Step-by-Step Instructions
  1. In a large Dutch oven, heat 2 tablespoons of extra virgin olive oil over medium-high heat until shimmering.
  2. Add 3 minced garlic cloves and chopped mini red sweet peppers, stirring them together for 1-2 minutes.
  3. Incorporate 2 cups of halved cherry tomatoes, 1.5 tablespoons of Tuscan Marry Me Blend, and 1 teaspoon of sea salt to the pot. Cook for about 3-4 minutes until the tomatoes soften.
  4. Mix in 1-2 tablespoons of organic tomato paste and 3 tablespoons of all-purpose flour, stirring until smooth.
  5. Slowly pour in 4 cups of chicken or vegetable broth, stirring gently. Bring to a gentle boil and cook for about 3-4 minutes.
  6. Add 8 oz of organic cheese tortellini, 1 cup of organic heavy cream, 1 cup of chopped kale, and the juice of half a lemon.
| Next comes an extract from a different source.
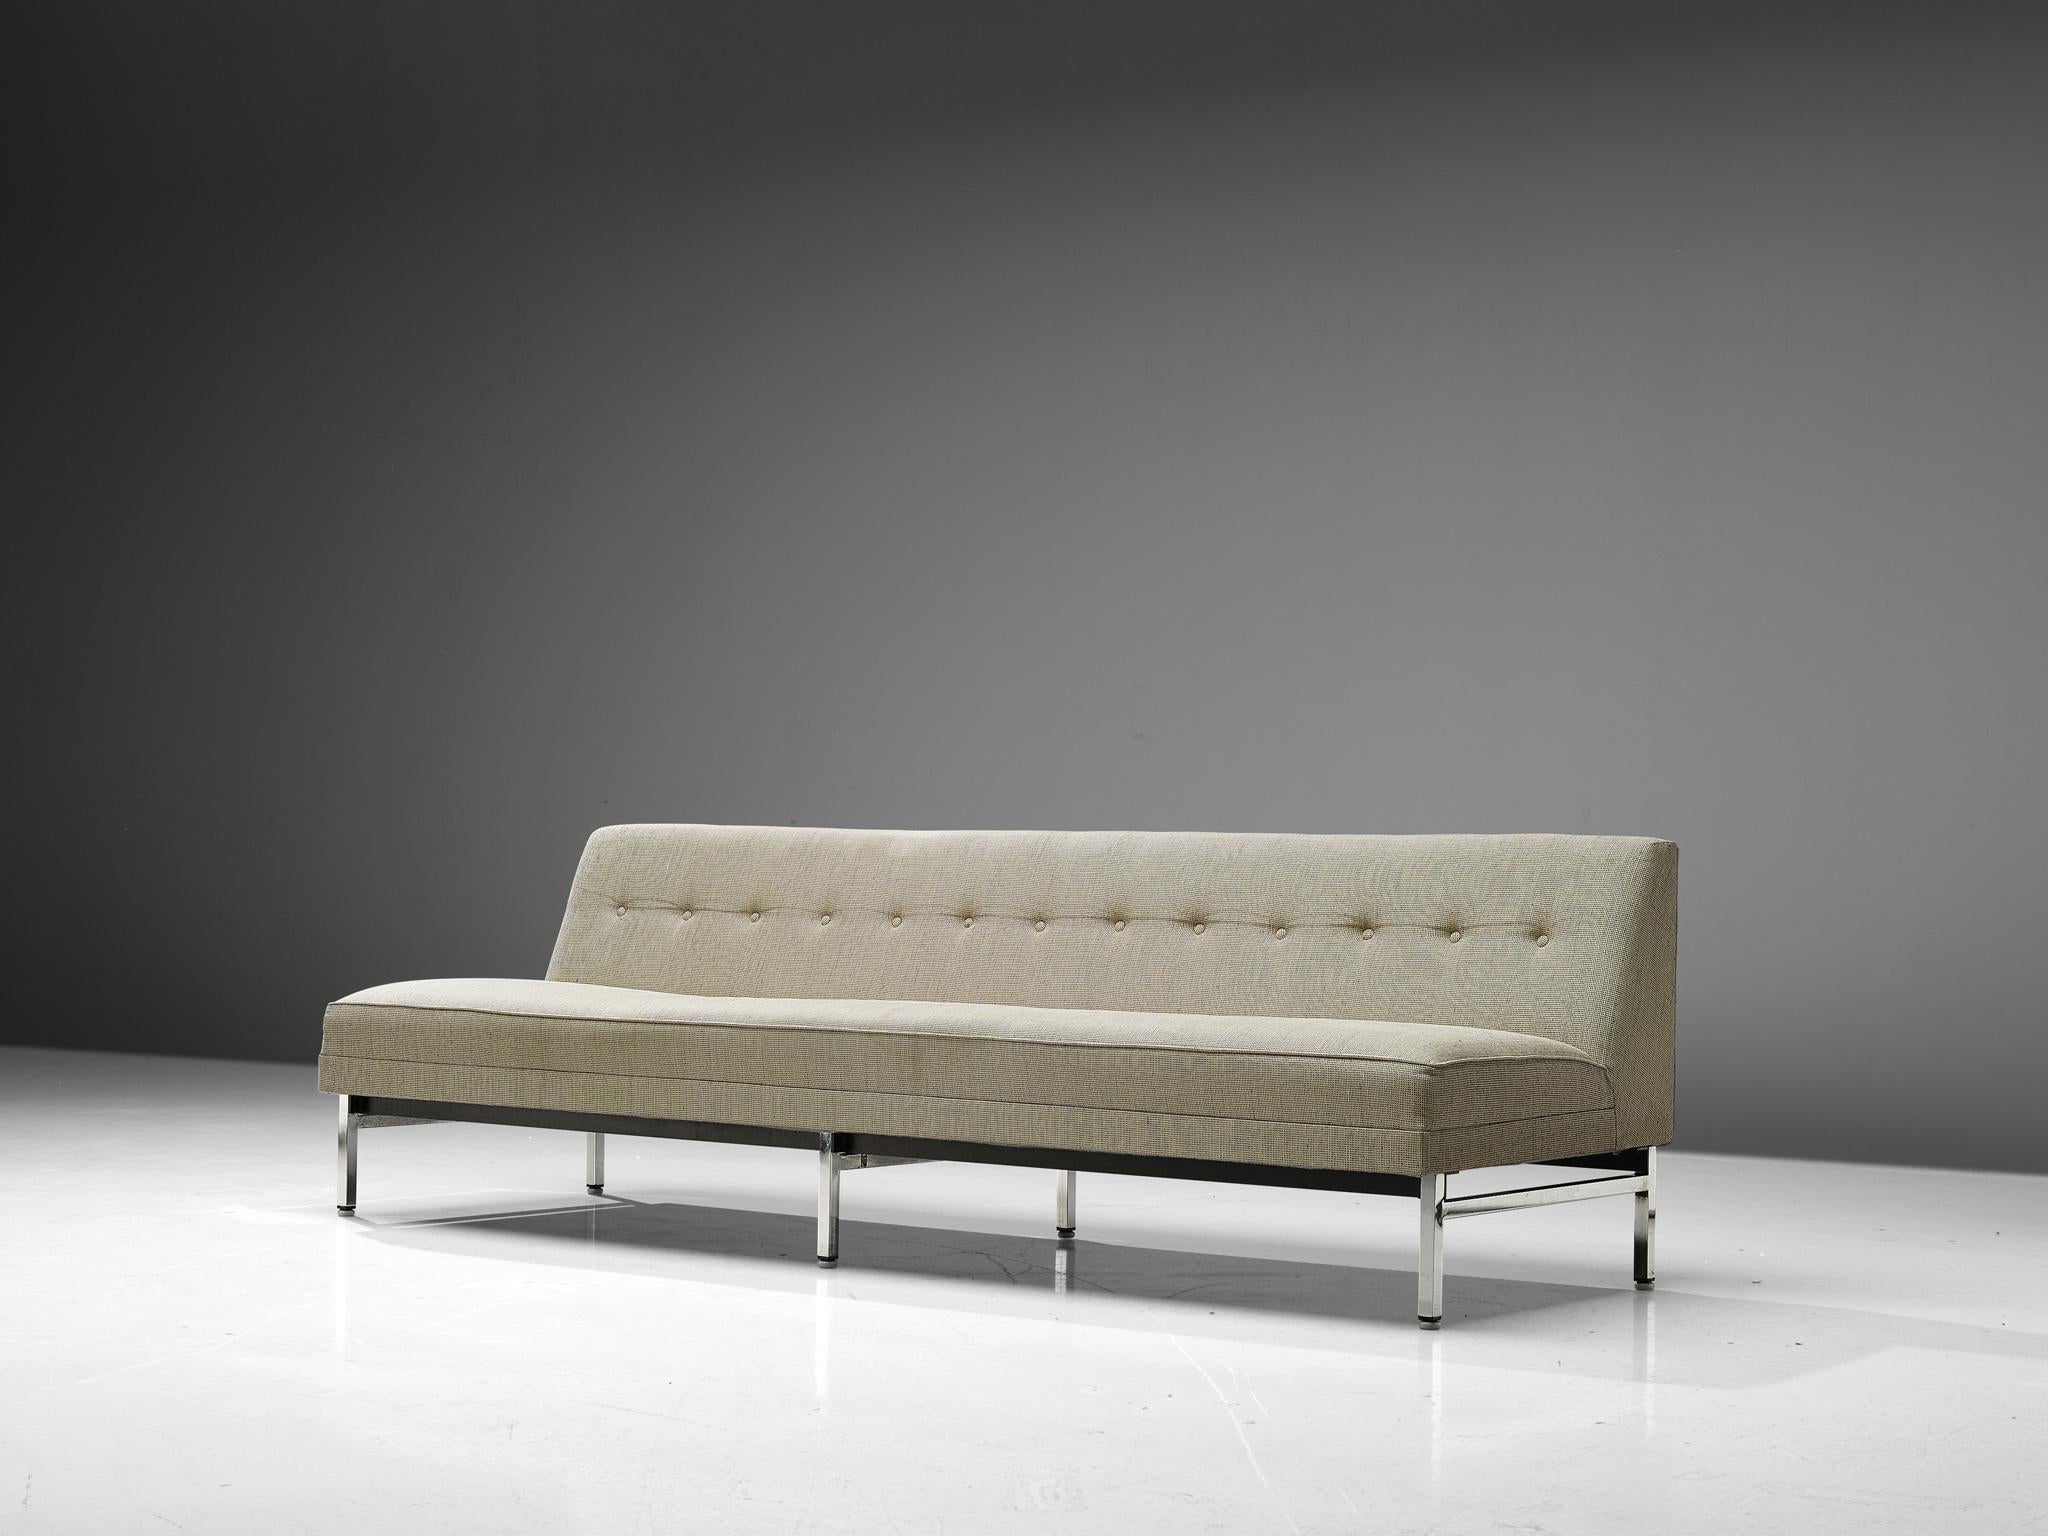 George Nelson for Herman Miller, sofa, chrome-plated metal, fabric, United States, 1960s

This fine sofa is designed by the renowned American furniture designer George Nelson. This sleek design is characterized by a solid construction based on sharp

Let it simmer for 8-10 minutes.
  7. Ladle the creamy soup into bowls and garnish with freshly grated Parmesan cheese, if desired.

Nutrition

Serving: 1bowlCalories: 500kcalCarbohydrates: 50gProtein: 18gFat: 25gSaturated Fat: 15gPolyunsaturated Fat: 2gMonounsaturated Fat: 10gCholesterol: 70mgSodium: 800mgPotassium: 600mgFiber: 4gSugar: 5gVitamin A: 1500IUVitamin C: 20mgCalcium: 250mgIron: 2mg

Notes

Store leftover soup in an airtight container for up to 3 days. For longer storage, freeze in freezer-safe containers for 4-6 months. Reheat gently on the stove when ready to enjoy.